– Mam – odparł Henning drżącymi wargami. – Ale…
– Ja naprawdę nie zamierzam umierać – zapewniła Saga i dała mu lekkiego kuksańca w bok. – Ale musimy być przygotowani na wszelkie ewentualności, prawda? Malin chciała przyjechać, żeby mi pomóc. Poproś ją teraz, gdybyś miał… kłopoty. W takim razie jednak powinieneś swoją część majątku podzielić między siebie i Malin. Będziesz wtedy musiał wziąć na swoje barki naprawdę wielką odpowiedzialność. Jeśli będzie niedobrze, ze mną i z twoimi rodzicami, moje dzieci będą musiały zostać z tobą.
Chłopiec przełykał ślinę. Po raz pierwszy widziała w jego oczach łzy.
– Ja nie chcę, żebyś umarła, Sago!
– Wiesz przecież, że nie umrę!
Skinął głową.
– Obiecuję ci, że zaopiekuję się… I napiszę do Malin.

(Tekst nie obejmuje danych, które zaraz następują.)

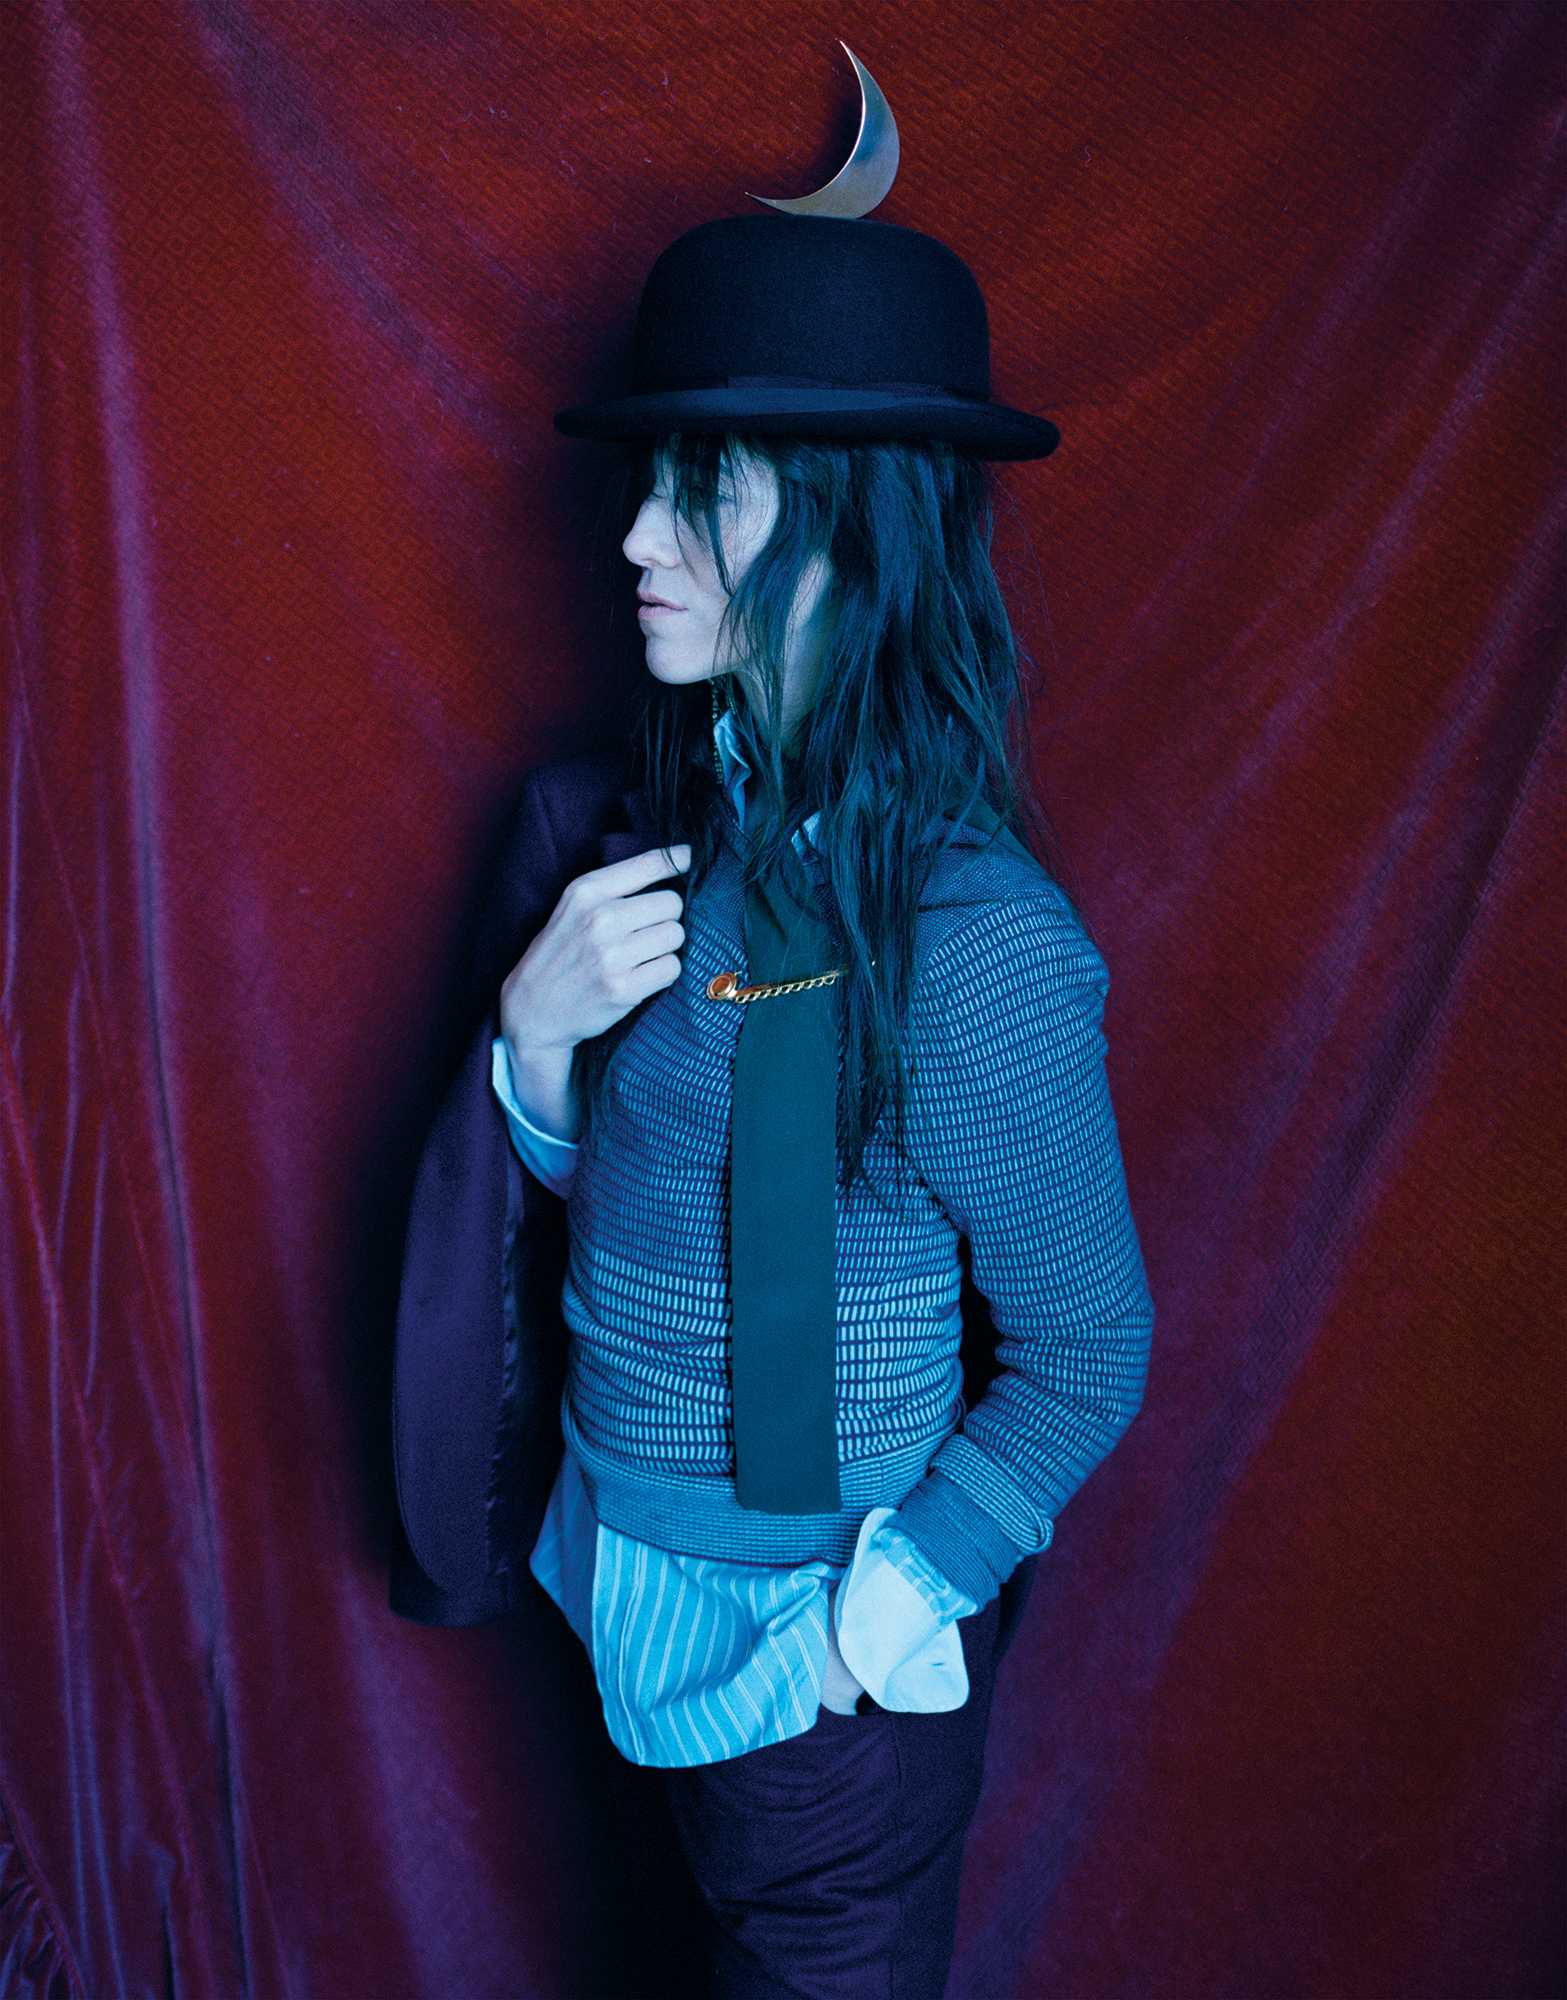 Charlotte Gainsbourg by Tim Walker, W Mag, September 2014
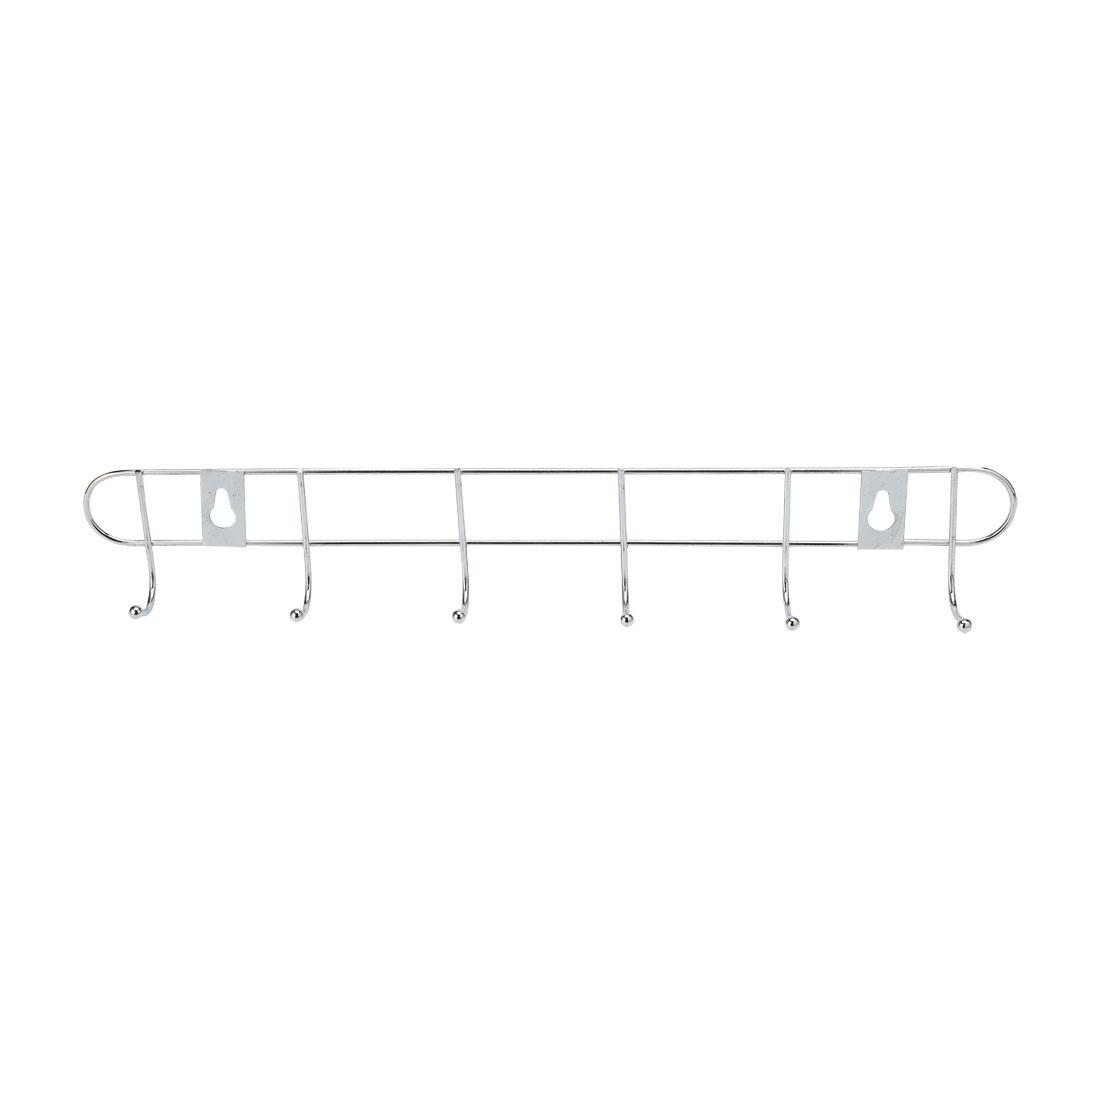 Bathroom Metal 6 Hooks Towel Coat Hanger Wall Rack Silver Tone

– Dobrze! Ona przyjedzie niezwłocznie, jestem pewna. I nie mówmy już o tym więcej. Testament jest w torebce, a teraz jedźmy dalej!
Ledwo jednak ruszyli, a już musieli się zatrzymać. I teraz sprawa wyglądała poważnie. Oboje zdawali sobie sprawę z tego, że dwukółka jest zbyt mała. Henning rozłożył na ziemi obszerny płaszcz Sagi i pomógł jej zejść. W tej okolicy leśne poszycie było równiejsze, porośnięte trawą, zmarzniętą i suchą, rzecz jasna, ale mogło być gorzej. Las był tu rzadki, pomiędzy wysokimi sosnami rosły wrzosy.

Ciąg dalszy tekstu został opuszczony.